Des activités politiques comme base de refus

Après un séjour de sept ans dans notre pays, le Népalais de 41 ans S. dépose une déclaration de nationalité fin 2005. Près de six mois plus tard, le parquet d’Anvers lui signifie qu’il ne reçoit pas la nationalité belge.
L’homme apparaît - selon le parquet du moins - comme un activiste politique dangereux ayant ‘un manque du sens des responsabilités’ et ‘un faible taux de conscience’.
S a fui son pays d’origine pour cause de persécution politique et parce que sa vie était en danger. L’Etat belge a accepté ces arguments et l’a reconnu en tant que réfugié politique. S. ne peut donc comprendre qu’un Etat qui se dit démocratique sanctionne des activités politiques.
Selon la Sûreté de l’Etat, S. est un « ancien président d’un groupe maoïste qui veut réunir les combattants du Népal et qui entretient des contacts avec des responsables du ‘Parti du Travail’ en Belgique ». En outre, toujours selon la Sûreté, il a participé à une action devant l’ambassade du Népal à Bruxelles en 2000.
La procédure de déclaration de nationalité étant une procédure juridique, S. peut aller en appel contre ce refus devant le tribunal de première instance, ce qu’il fait.
Le parquet d’Anvers ne conçoit que trop bien que les seules activités politiques ne constituent pas une raison suffisante pour refuser la nationalité. Le fait qu’un réfugié politique pacifique développe des activités politiques est logique et totalement légal au sein de notre régime démocratique. En outre, après une contestation populaire massive et de longue haleine, l’opposition fait désormais partie du gouvernement népalais. Et le parquet ne peut que difficilement utiliser des arguments tels que des contacts avec le Parti du Travail en tant que ‘faits graves’ pour refuser la nationalité.

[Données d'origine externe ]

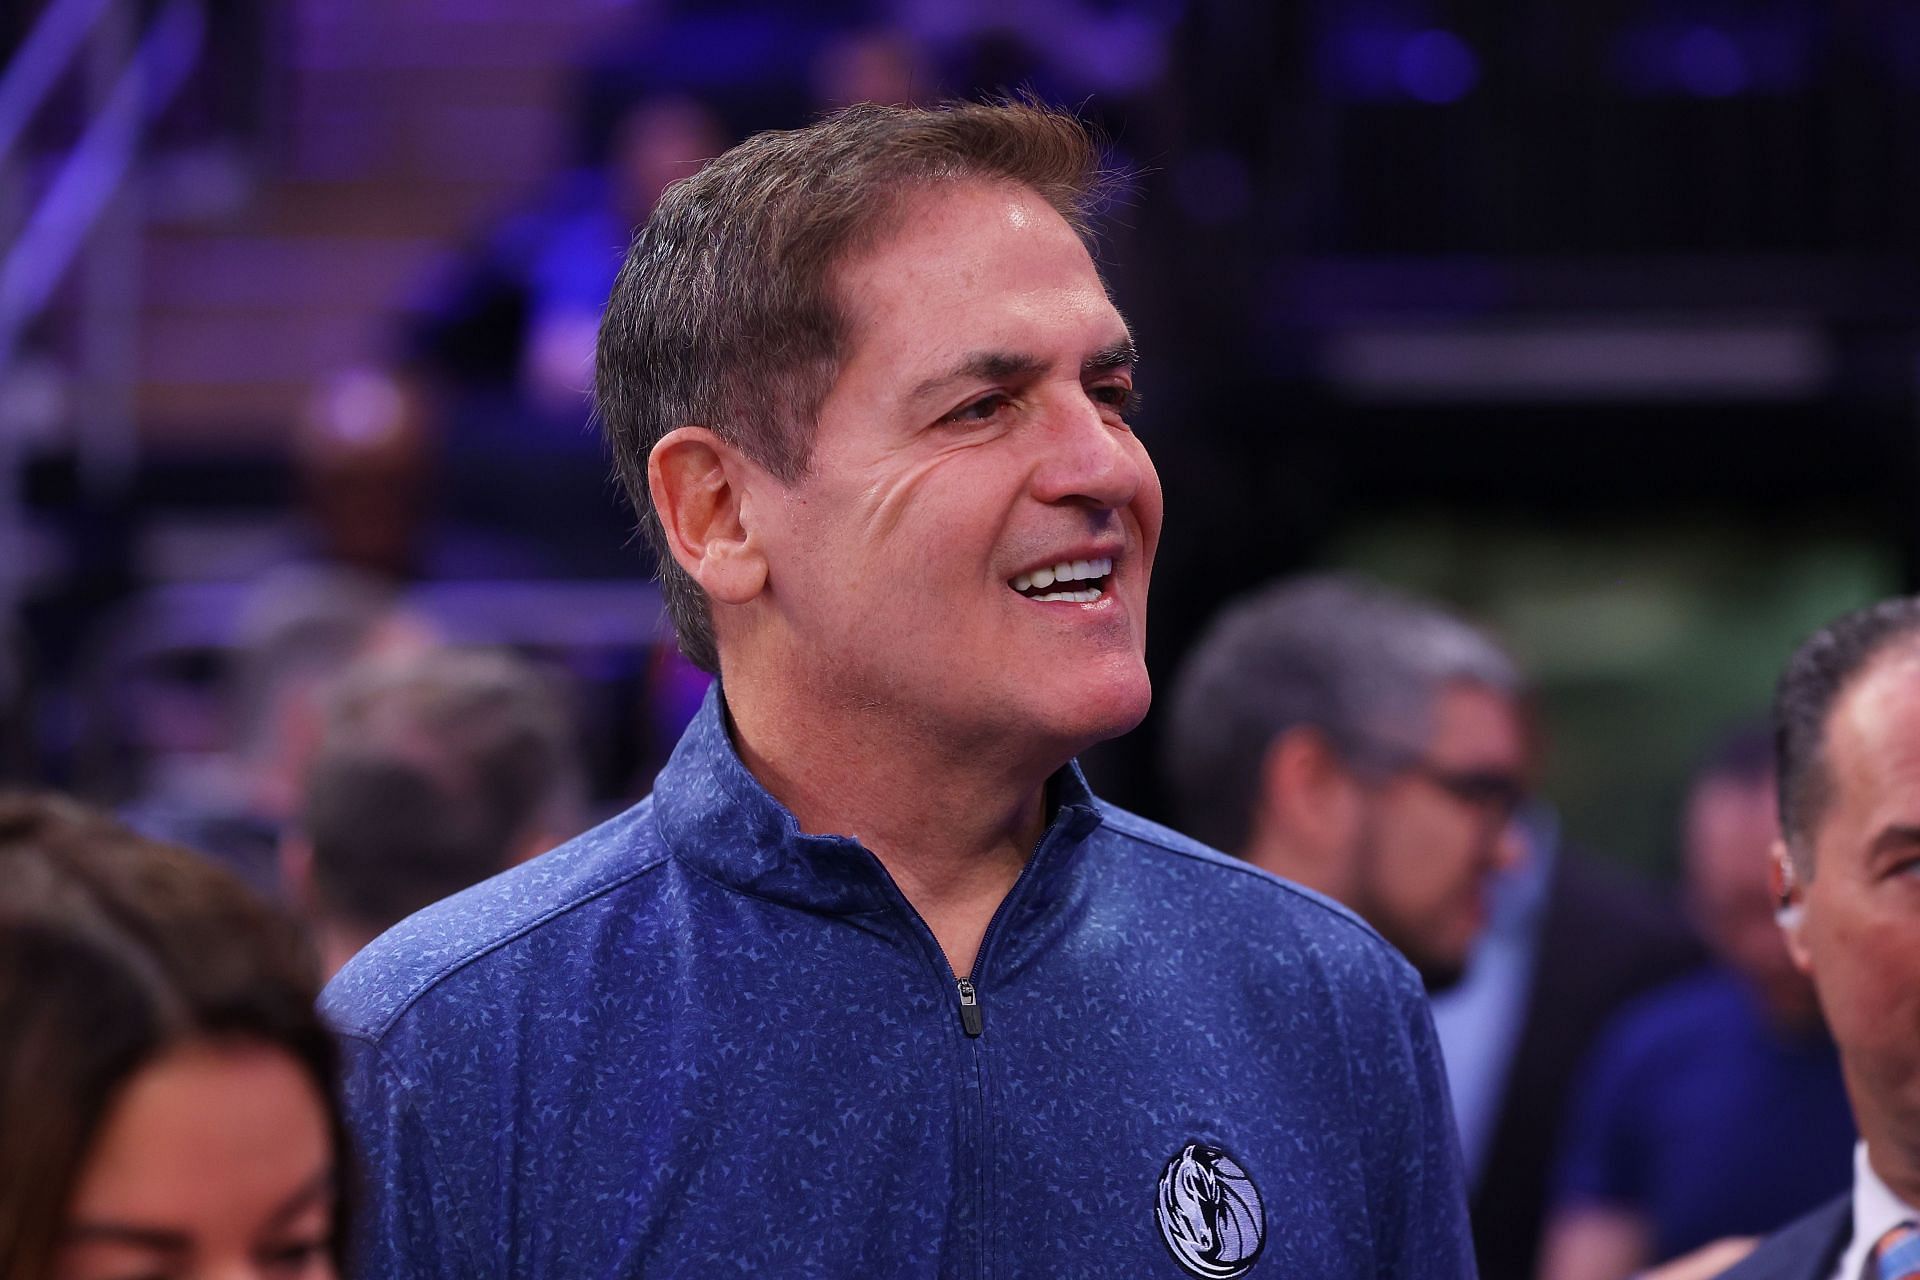 Cuban is part of numerous companies and is a majority owner of the Mavericks. (Image via Getty Images)

L’argument principal du parquet d’Anvers est dès lors ‘un manque du sens des responsabilités’ et est avancé comme ‘fait grave’ pour refuser la nationalité :
« Considérant que les antécédents de l’intéressé montrent un manque sérieux du sens des responsabilités et un faible taux de conscience faisant en sorte que l’intérêt propre soit prépondérant et que l’intéressé manque de respect pour l’intégrité et le droit de propriété de tiers ;
Que ce faisant l’intéressé ne tient nullement compte de nos lois et de nos usages et se soustrait aux obligations imposées démocratiquement par les autorités ».

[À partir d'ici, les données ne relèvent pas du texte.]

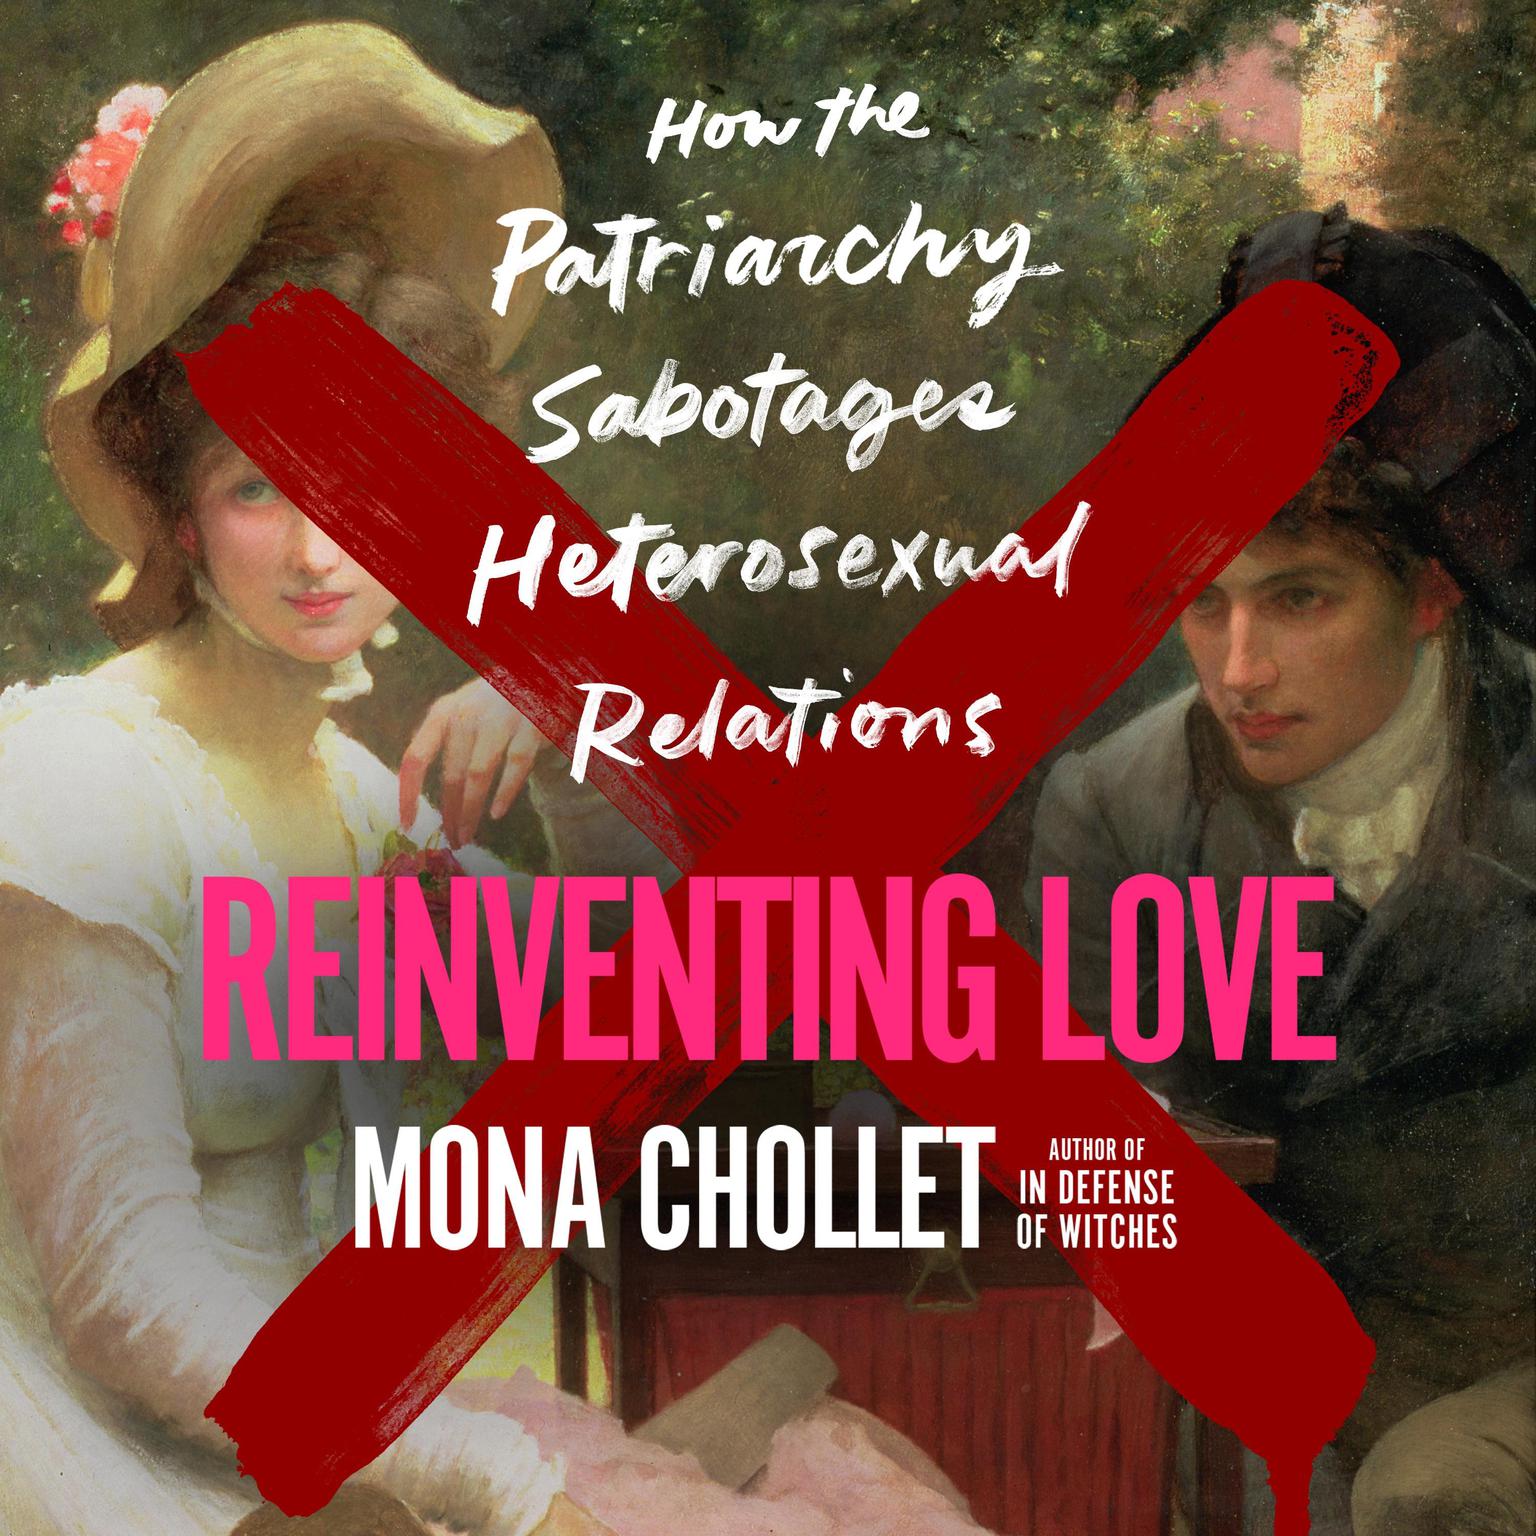 Reinventing Love: How the Patriarchy Sabotages Heterosexual Relations Audiobook, by Mona Chollet

Plus loin dans l’argumentation, le parquet parle de « preuves de négation systématique des lois belges et des règles de conduite et de rejet de toute puissance des autorités judiciaires et/ou de leurs décisions ».

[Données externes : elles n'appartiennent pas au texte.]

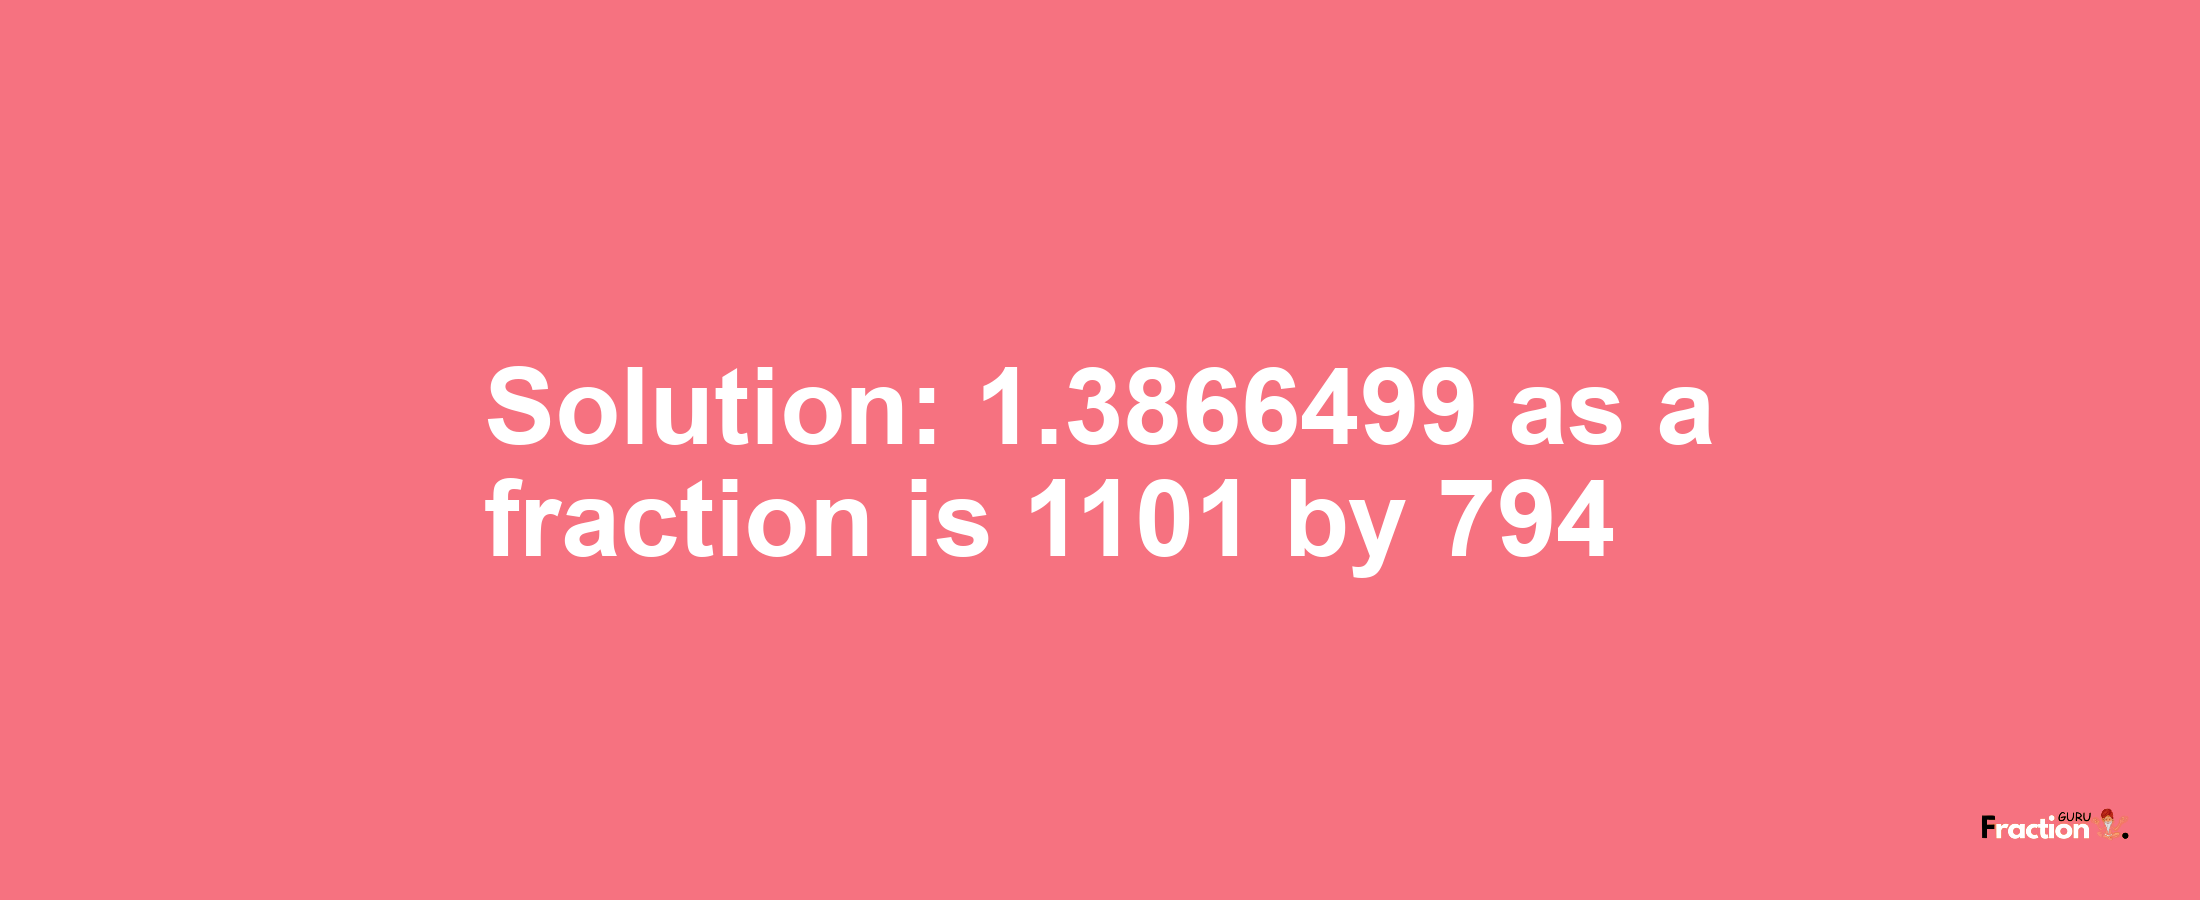 Solution:1.3866499 as a fraction is 1101/794

 Et pourtant, S. n’a jamais fait l’objet d’aucune condamnation. Le parquet d’Anvers considère-t-il ses activités politiques comme « la négation systématique des lois belges et des règles de conduite » ? Ceci serait particulièrement scandaleux et surtout antidémocratique.
S. était tellement choqué par cette argumentation du parquet qu’il a pris un avocat et est allé en appel. Cela lui a déjà coûté 52 euros de droit de greffe en plus des honoraires de l’avocat. En tant que réfugié politique, il s’était imaginé notre démocratie toute autre.